4 Little Questions Dating Experts Wish You’d Ask Before Dating Anyone
Trying to think of good questions to ask a guy when you’re on a date? You want to come across as cool, witty, easy-breezy and laid-back, but also an intelligent person who has her stuff together.
I get it, it’s like walking a tightrope. Even if you achieve the death-defying walk across, what if you don’t like what’s on the other side of the table? It’s not just about him liking you or thinking you’re as funny as Amy Schumer, it’s also about you liking him.
This may be radical thinking, I know. When dating, we tend to only think (a.k.a. obsess) about how we’re perceived. We want to believe we have control over that by what we wear, what we say, or the looks we give (read: we don’t). Did you ever stop to think that your date has the same concerns and anxieties? Dating is difficult when you’re serious about finding a person with a long-term relationship. Rather than overthinking everything about who you are and what you do, it’s important to shift some of that focus to how you feel about him. So, here is the real issue: How do you know if he will make a great boyfriend? What do you need to ask yourself when dating a guy for the first time?
Here are 4 little questions dating experts wish you’d ask before dating anyone:
1. “How do I feel when I’m with him?”
This takes some introspection, presence, and awareness. Do you feel honored and respected? Do you feel heard or does he do all the talking? Does he ask sensical and interesting follow-up questions? Is it difficult to carry on the conversation or does it flow pretty naturally like you’re talking to a good friend? If you’re sitting there wondering if you should play a party game on your phone to get him to engage with you, that’s probably not a good sign.
After a few dates, consider if you feel like a good version of yourself around him. Do you feel that he brings out the sparkling parts of your personality or do you make snarky comments to yourself as you try not to roll your eyes? After a few more dates, think about if you trust yourself when you’re with him.
Do you do things you wouldn’t ordinarily do because you want him to like you or you feel you should? Are you more impulsive than usual or more guarded than usual? These behaviours may become apparent before you are in touch with the reason why you’re betraying your true self. It’s imperative to be mindful of this drift from your “normal” self so you have time to swim back to shore versus needing rescue when you’re in too deep.
2. “How do his behaviors reflect on his character?”
This is where you’re going to examine how trustworthy he is. Does he do what he says he is going to do, as in: is he dependable? Dependability and reliability seem like two sides of the same coin and they are related. Adventurousness and spontaneity are great at certain times, but if you’re looking for a serious relationship, you want to know if you can depend on your partner when you need him. Does he call or text when he says he will? How does he act around strangers? Is he courteous, polite, and respectful? Many people reference how people treat wait staff at a restaurant, janitorial staff, or service people.

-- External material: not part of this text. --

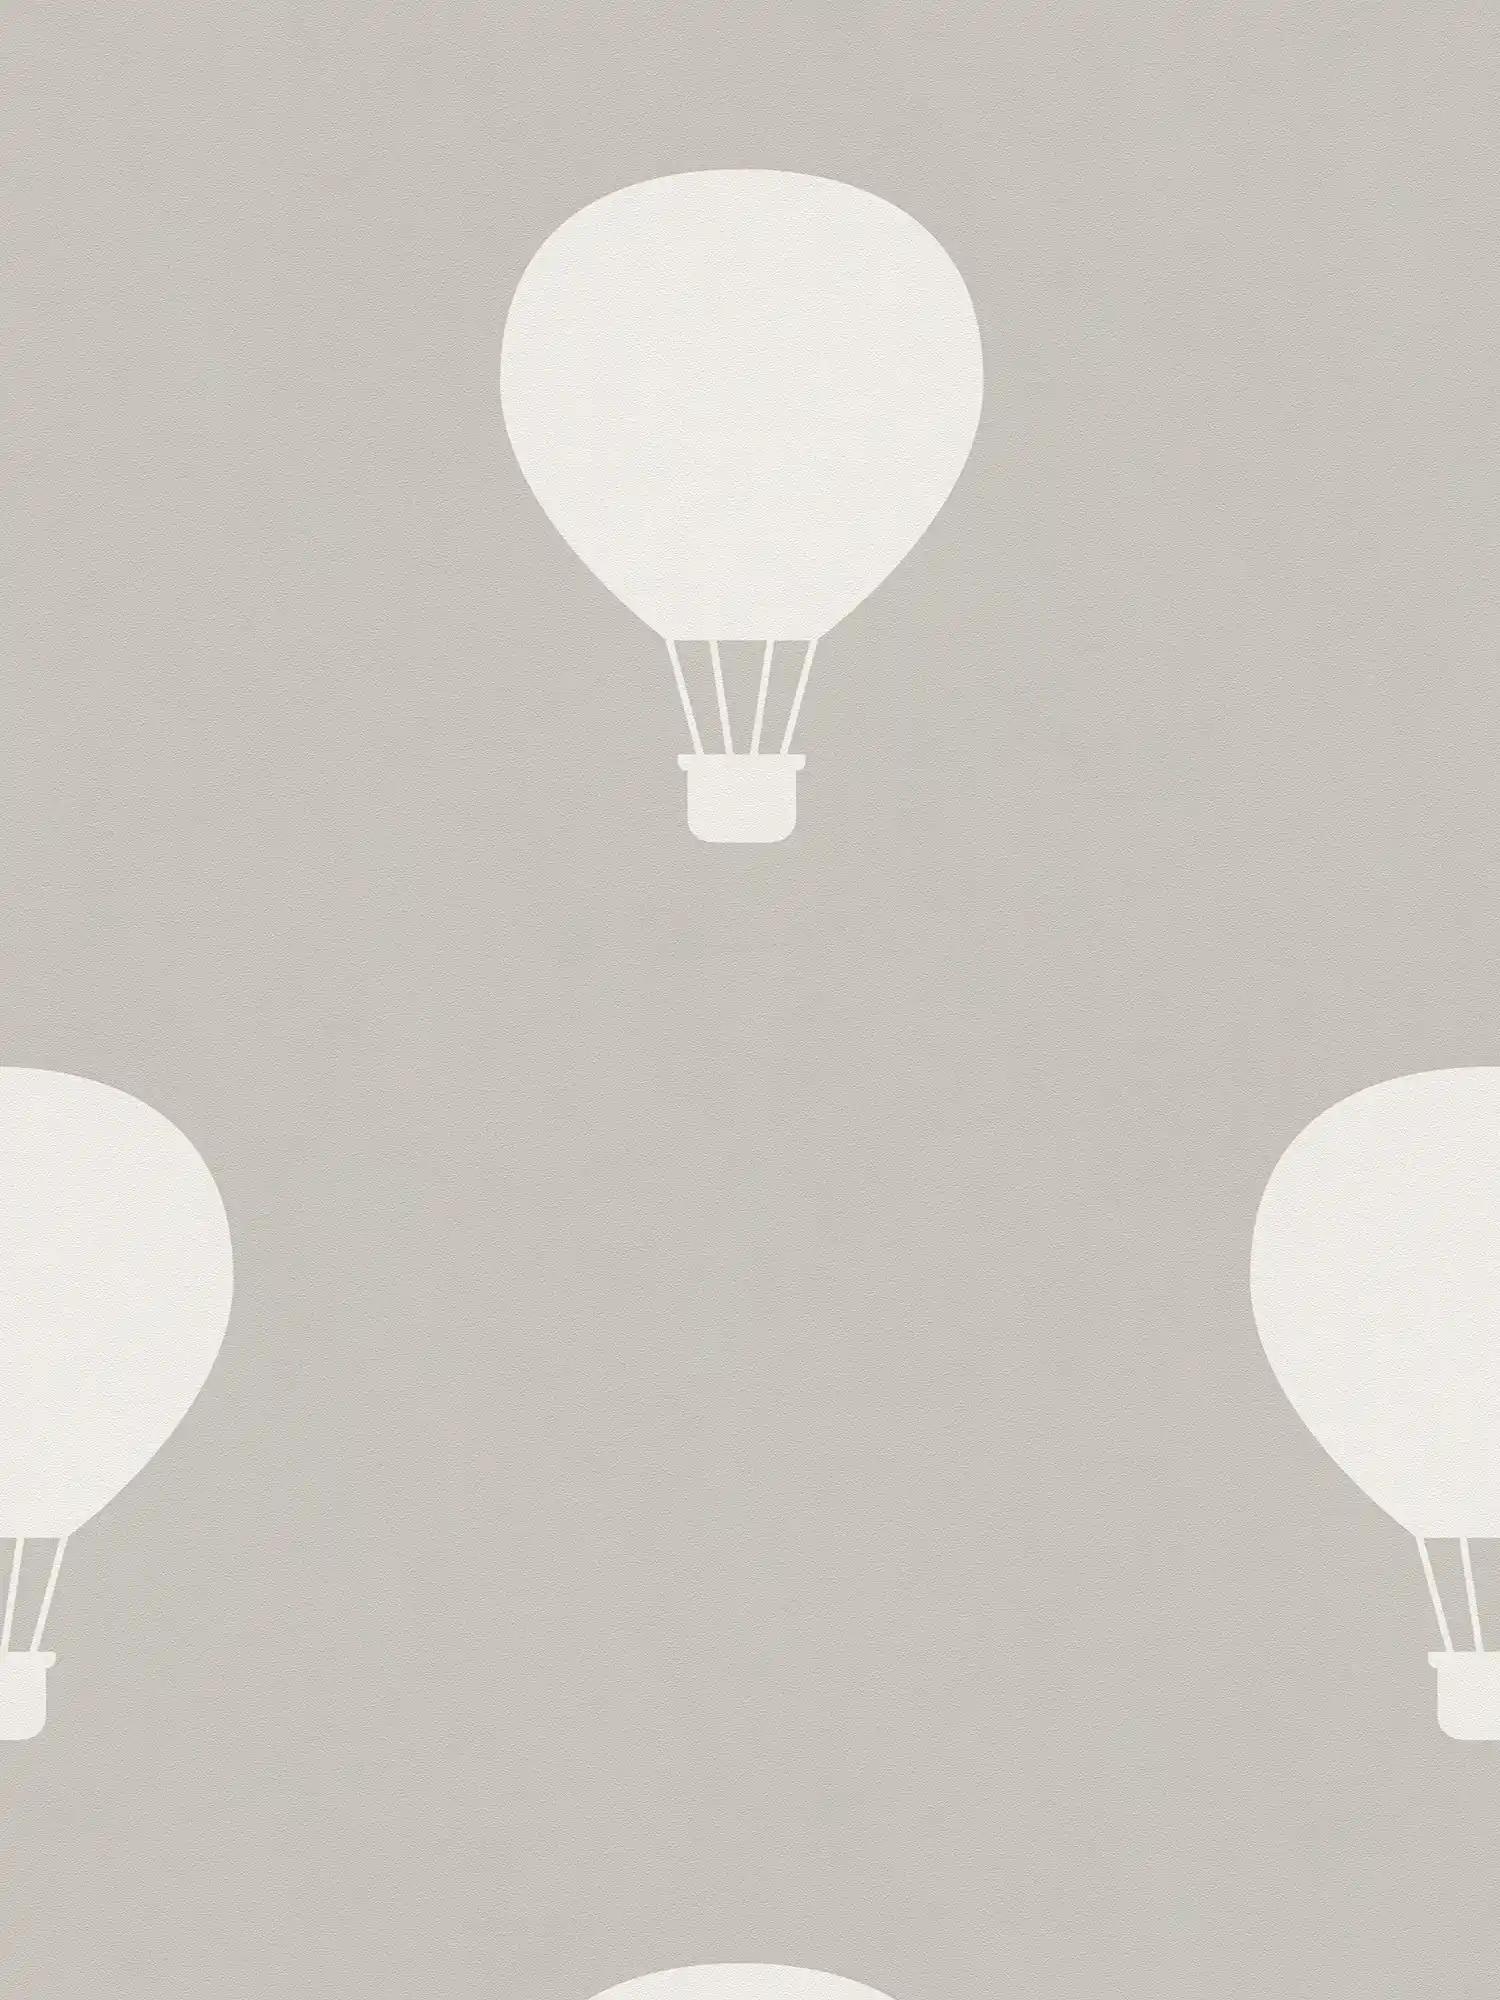 Non-woven wallpaper with hot balloons for Nursery - grey, cream
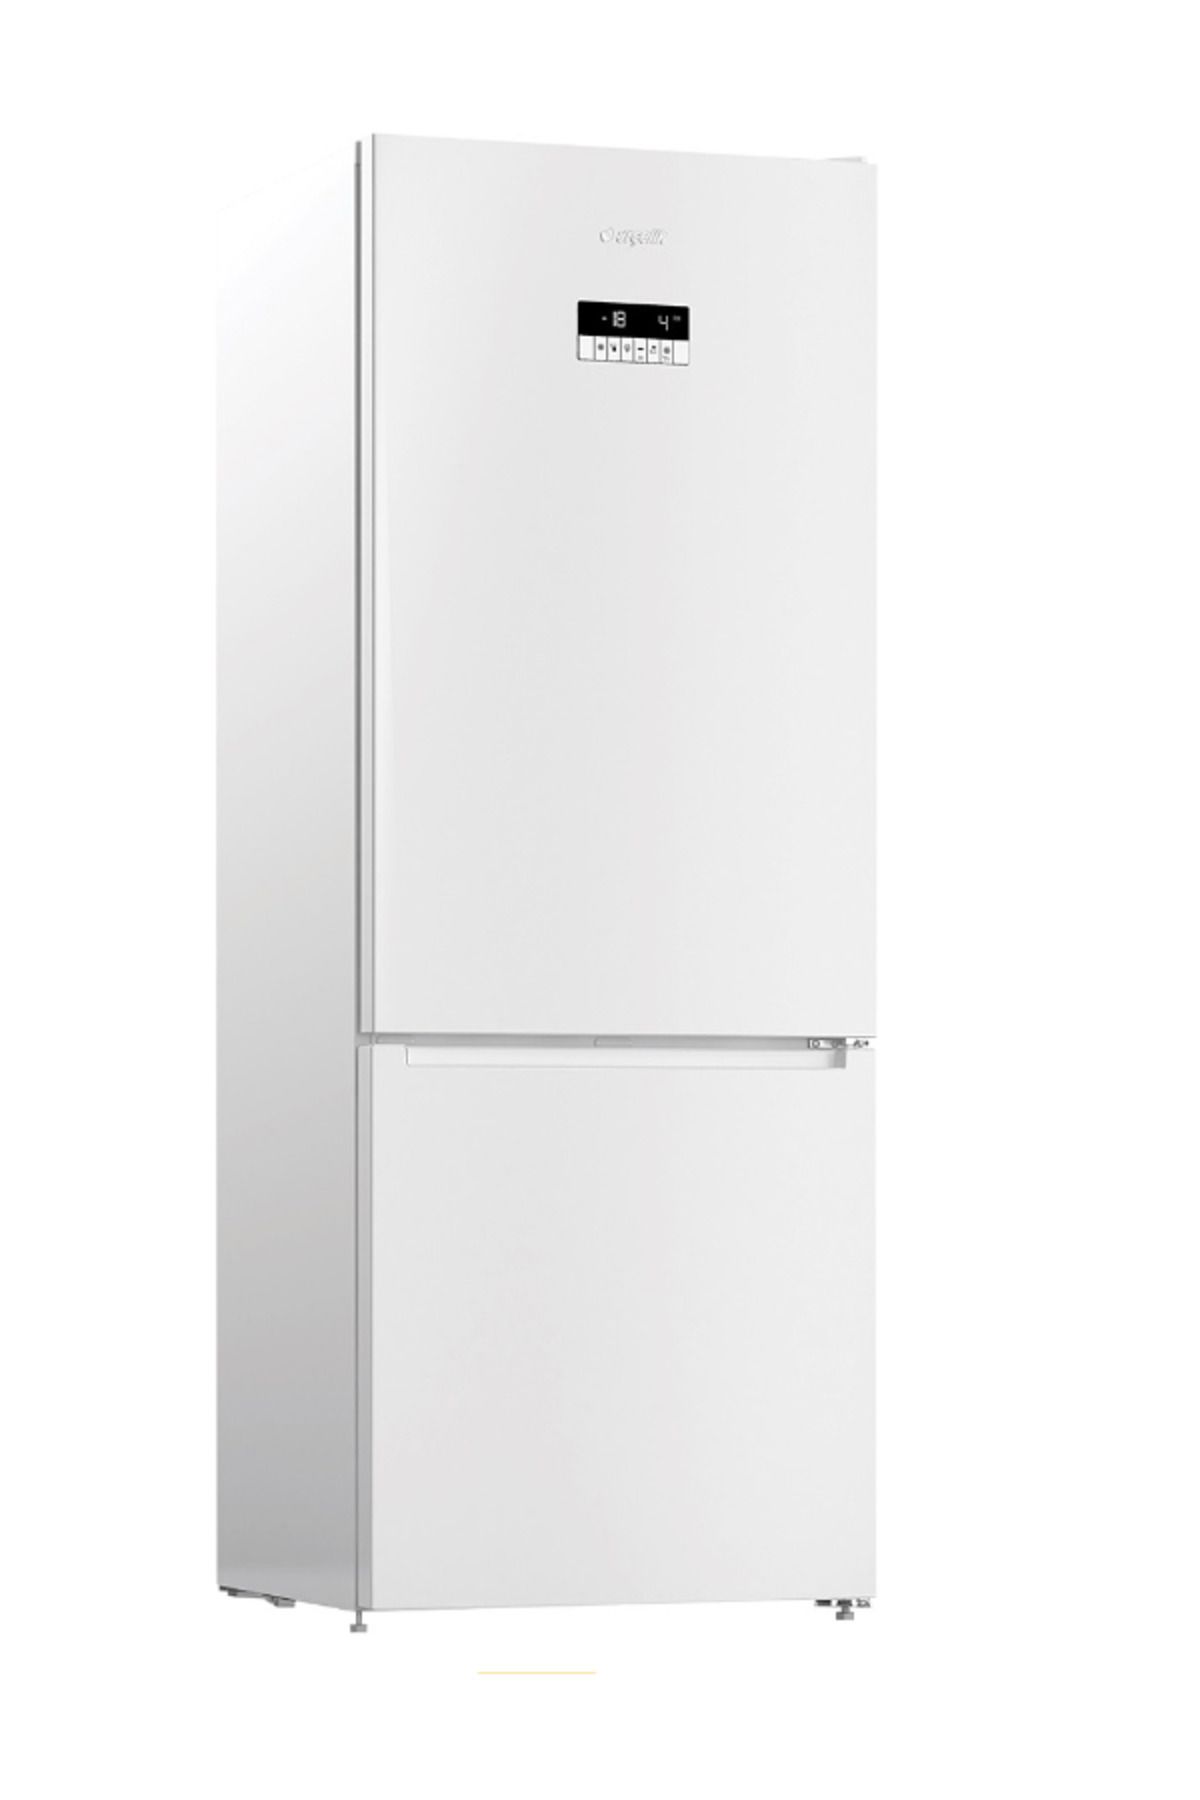 Arçelik 270530 Eb Kombi Tipi No Frost Buzdolabı

If you want to be with someone who cares about others besides himself, these are important interactions to observe. Steve Harvey references three characteristics in his book, Act Like a Lady, Think Like a Man, where he suggests men are interested in you if they profess how they feel, they look to protect you from harm, and they exhibit behaviors suggesting they want to provide for you or ensure that you have what you need.
3. “What are his relationships like with others?”
Does he have close relationships with friends and family? Can he engage in conversation with your friends and family when he meets them? If not, is he just introverted, or is he disengaged in a way that is rude or inappropriate? Introversion is something that can be worked on as he becomes more familiar with your friends and family and understands how he may prefer to interact (in smaller groups, or just one on one, for example).
4. “How do resolve conflict?”
How does he handle conflict or disagreements with you and with others? Does he hold things in until he is ready to explode? Does he disappear or give you the silent treatment? How does he respond to you if you express discontent? Is he able to listen and acknowledge your perspective without blaming you for your feelings?
Mature communication about unmet needs or expectations is a vital ingredient to building a strong foundation for your relationship. Considering these categories of questions when dating will draw your attention to the factors that can affect the long-term health of your relationship, long after the initial honeymoon period fades.